Popular names: peasant mustard, meat grass, pepper root, forest radish.

Parts used: root.

Pharmacy name: horseradish root – Armoraciac radix (formerly: Radix Armoraciae).

Botanical description. The thick root of this perennial plant is very long, terete, sometimes radiciform. Basal leaves are large, long-petiolate, oblong, serrated along the edge; upper – sessile, lanceolate-linear. White flowers are collected in a panicle. They develop swollen oval pods. Blooms in June-July. Horseradish comes from the countries of Southern Europe, in Germany it is bred as a vegetable crop. In addition to medicinal use, horseradish is very popular as a side dish for meat and as a spice. In the wild state, it is traditionally found only as brought from cultivation.

Collection and preparation. You can collect long horseradish roots from September to spring. They are dug up and usually consumed fresh. And in order to keep it longer, they cover it with a layer of earth in a cellar protected from frost.

Active ingredients: glycosides gluconasturcin and sinigrin, which are split off from mustard oil. Mustard oil acts as an antibacterial agent. Worthy of mention is also the high content of vitamin C and potassium salts.

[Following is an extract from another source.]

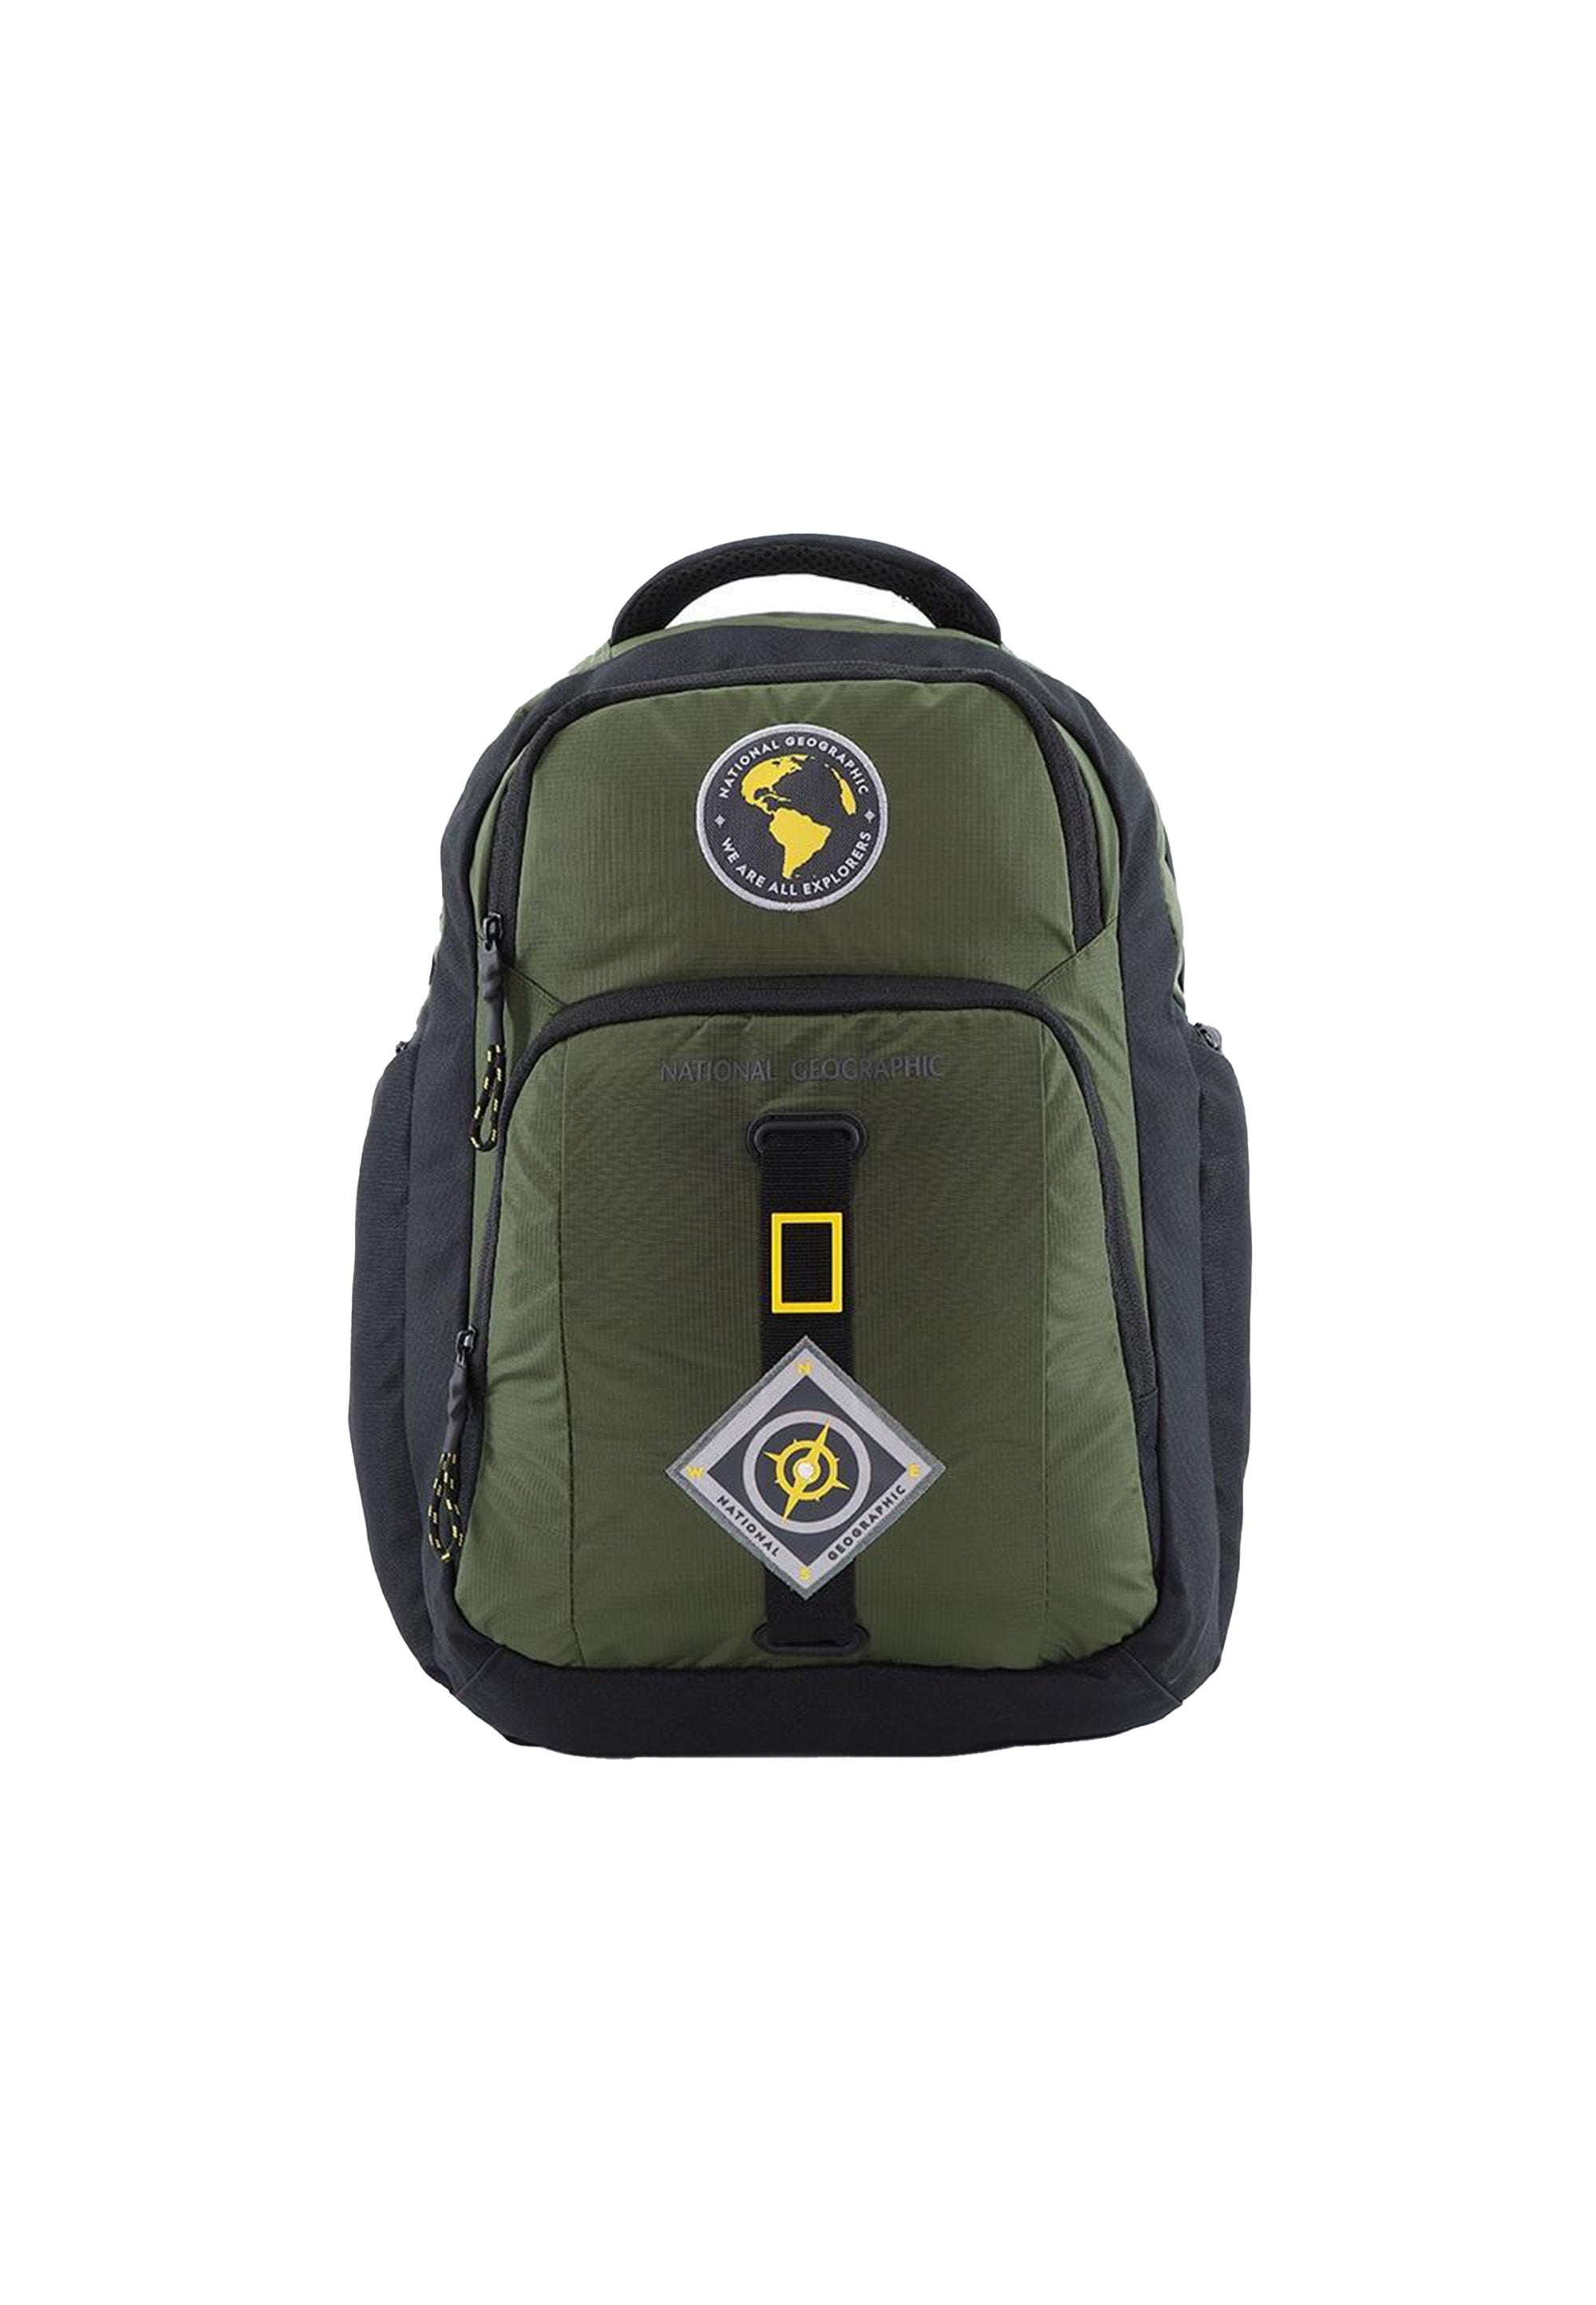 National Geographic - New Explorer Rucksack / Outdoor-Rucksack / Laptop-Rucksack - 25L - Khaki
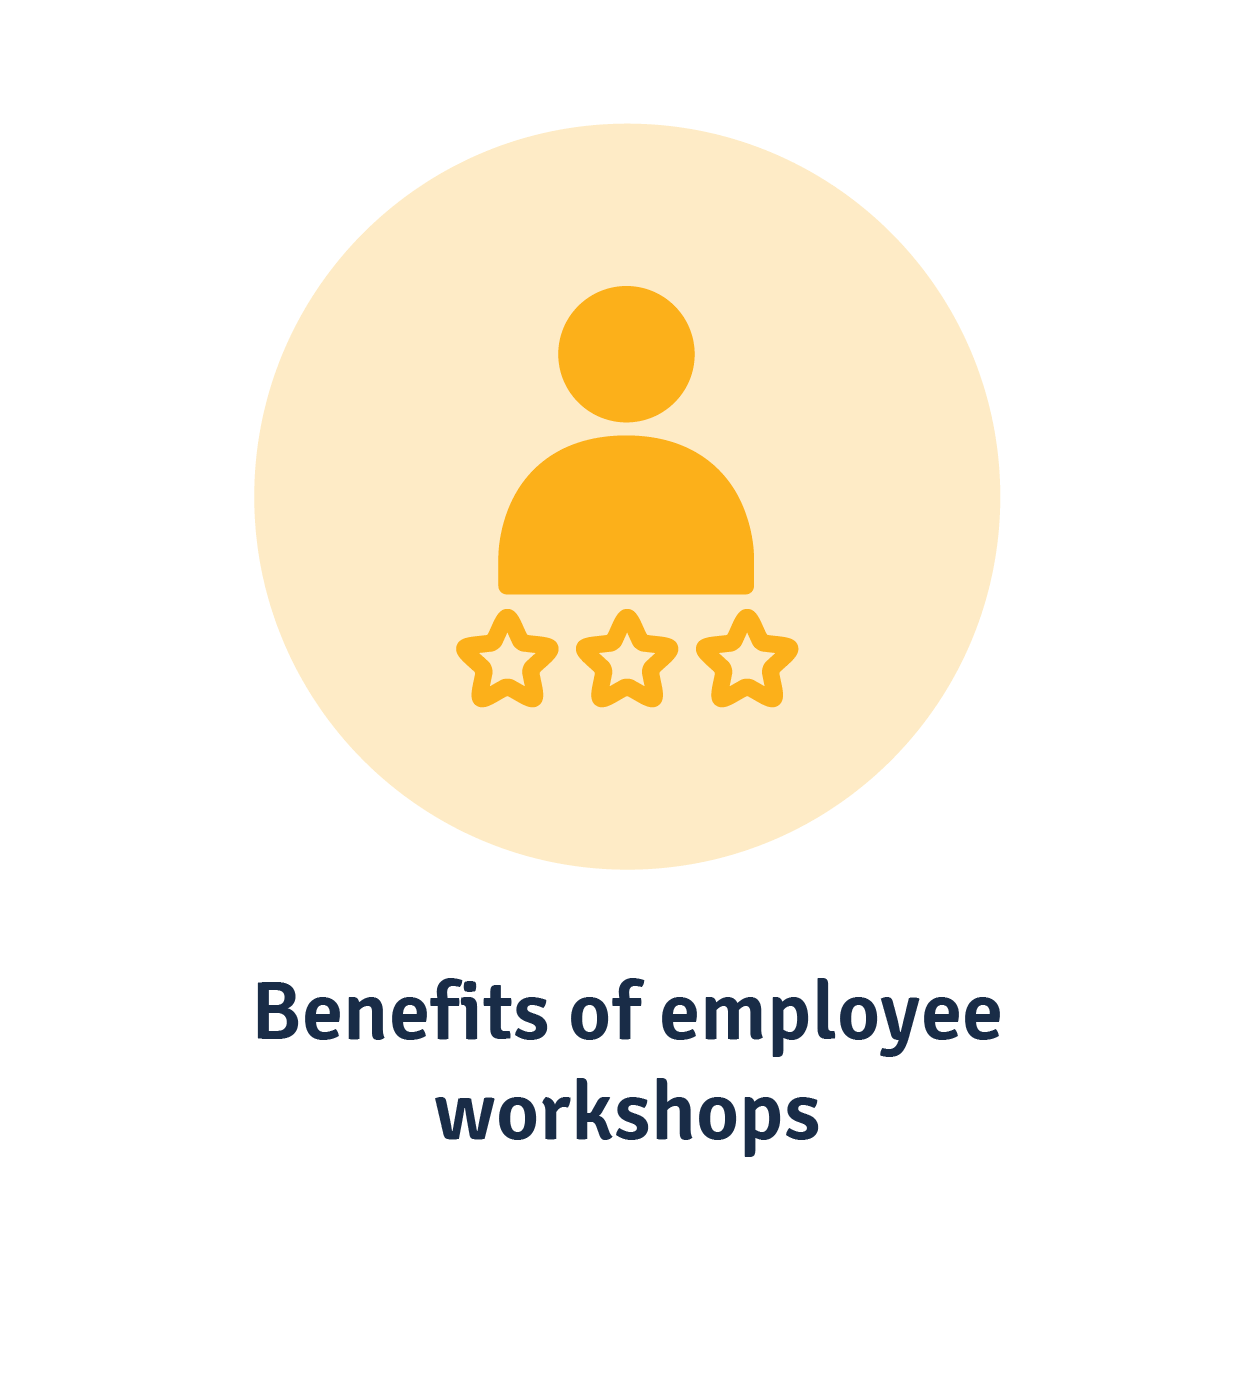 Benefits of employee workshops

Healing action and application. Scientific medicine does not use horseradish root, its use goes back to the traditions of traditional medicine. But since antibacterial active substances were found in it, interest in this medicinal plant has increased. Preparations with these substances are recommended for the treatment of infections of the kidneys and urinary tract, as well as bronchitis.

Application in folk medicine. Where horseradish is cultivated and widely known, it is considered an exceptionally good cough remedy. Finely chopped or ground horseradish is mixed in equal proportions with sugar or honey and given when coughing 2-3 times every day for a full teaspoon. It is also used in diseases of the kidneys and bladder. Grated horseradish is given to rheumatic patients, freshly grated horseradish gruel is used in compresses for headaches (put on the back of the head through a handkerchief), in compresses on the cheek for toothache. It is used as a remedy for freckles (smeared on the face), put on the chest during attacks of asthmatic cough. But be careful: horseradish is very irritating to the skin. All these mushy compresses must be kept for no more than 5-10 minutes. Horseradish is not often used against gastrointestinal ailments.

Use as a condiment. Freshly grated horseradish or its sauce with softening additives is a favorite seasoning for meat dishes. It is especially good with beef and pork in the form of cold appetizers. It is also served with fatty sausages. In France, boiled beef with horseradish sauce is an indispensable holiday dish.

Side effects. All acute substances that irritate the skin and mucous membranes are harmful in large quantities. With too frequent use of horseradish as a medicine or as a seasoning, inflammatory processes in the kidneys or gastrointestinal tract can be expected. Be careful when rubbing horseradish: your eyes may become inflamed!